Umbrella, by Taro Yashima

and in the chapter book category, there everyone's favorite genius, Millicent Min!

Rita said...

Shucks! The ones I was going to mention are already here! (Millicent Min, and . . . it's not an issue in Stanford Wong, either, is it? I don't think so!!). Also, I thought of Elaine in Shug right away, too, even though I knew she wasn't what you meant. (Yay, Alvina!)

Actually, I thought about this with Shug a lot. I just finished it last week (loved it insanely) and kept turning over in my mind, What if the main character had been the Asian? Would that have distracted us from the joy and simplicity of the story itself?

I ended up concluding yes, probably. Though I would love to know what others think.

I'm also glad to see MotherReader's mentions here, because I recently read Raymond's Perfect Present and Butterflies for Kiri. Great examples!!

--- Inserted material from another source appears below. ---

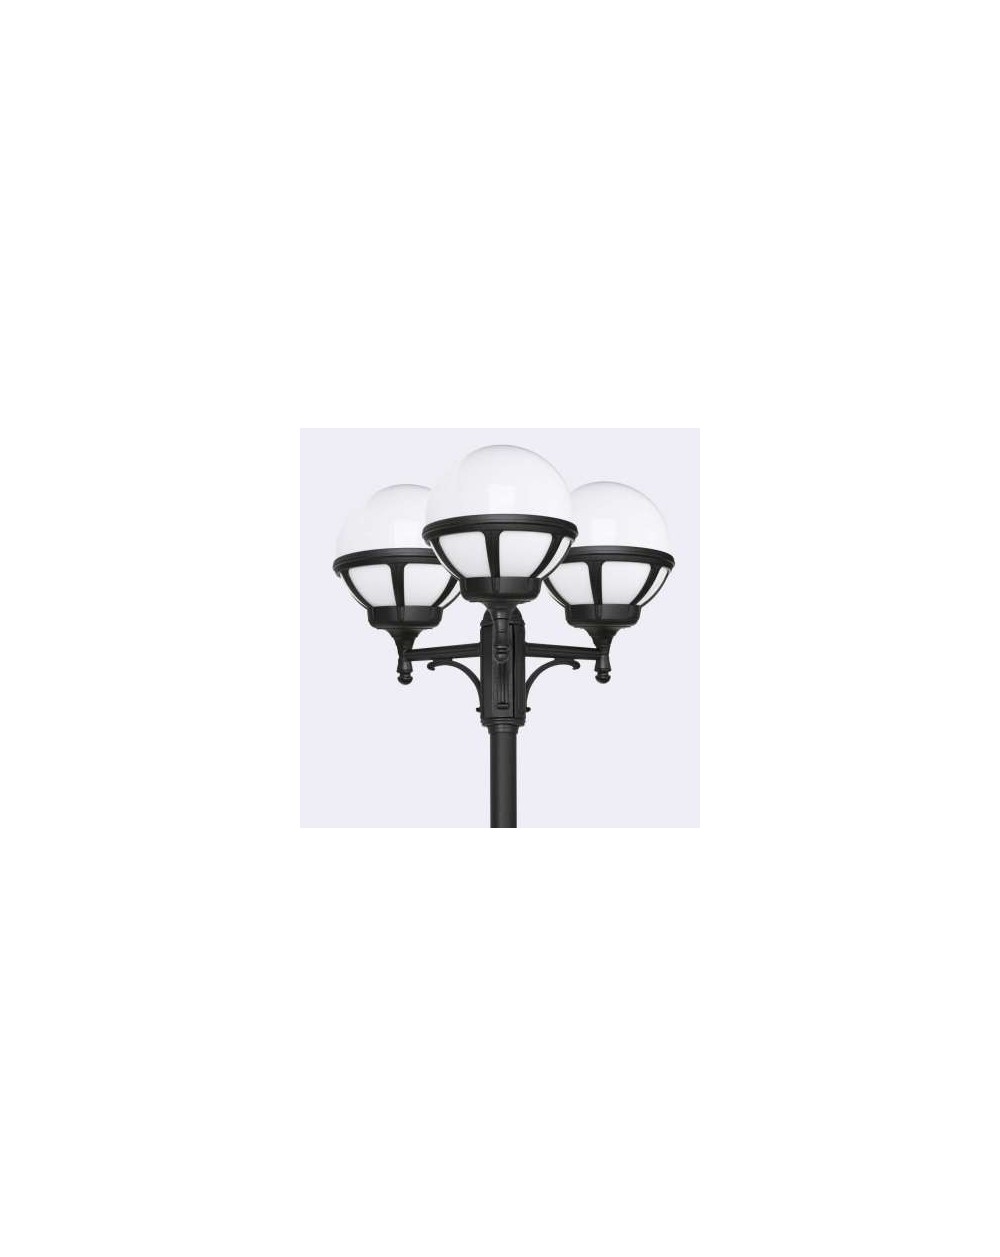 Latarnia potrójna Bolonia klosz mleczny - Norlys zewnętrzna lampa ogrodowa oprawa uliczna parkowa czarna lub biała
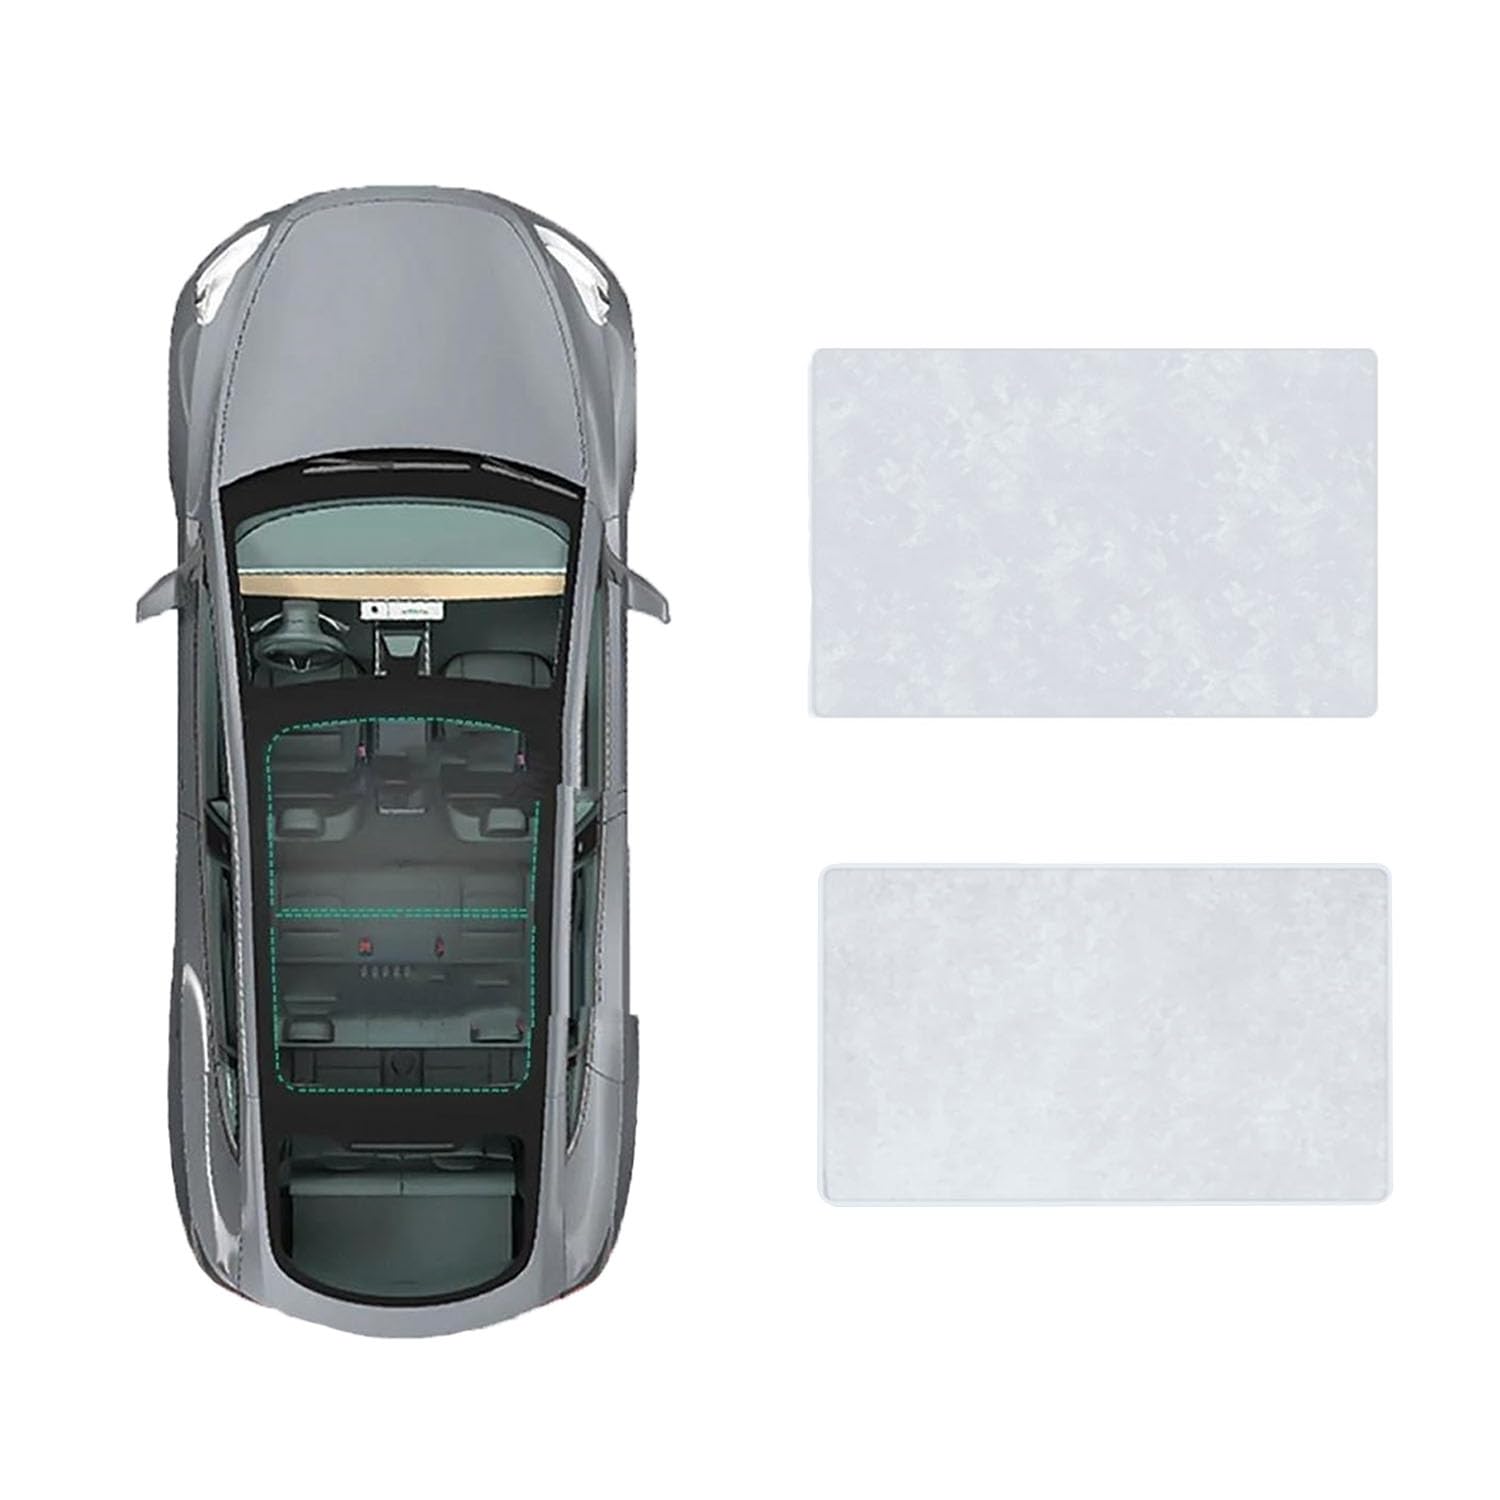 Für Audi A4L 2017- Autofenster Sonnenschutz Dachsonnenschutz Auto Schiebedach Sonnenschirm Dachfenster Rollo Beschattung Zubehör,B-Gray White Suede von JiAYuF

I am always interested in this issue.

I'll check back to see what everyone else comes up with!

Re: Shug, it's always hard to imagine a book written any other way once it's been written so perfectly. So I know it's not a fair question.

Rita said...

Oh, what about Dragon Dancing, by Carole Lexa Schaefer and illus. by Pierr Morgan? It's a multicultural picture book and not exactly about a non-culture-specific situation, but it's never directly about being Asian, either (although the character's name is Mei Lin and it's clear she is).

I like that book. :)

r

Anonymous said...

what is vicenza's last name in this book?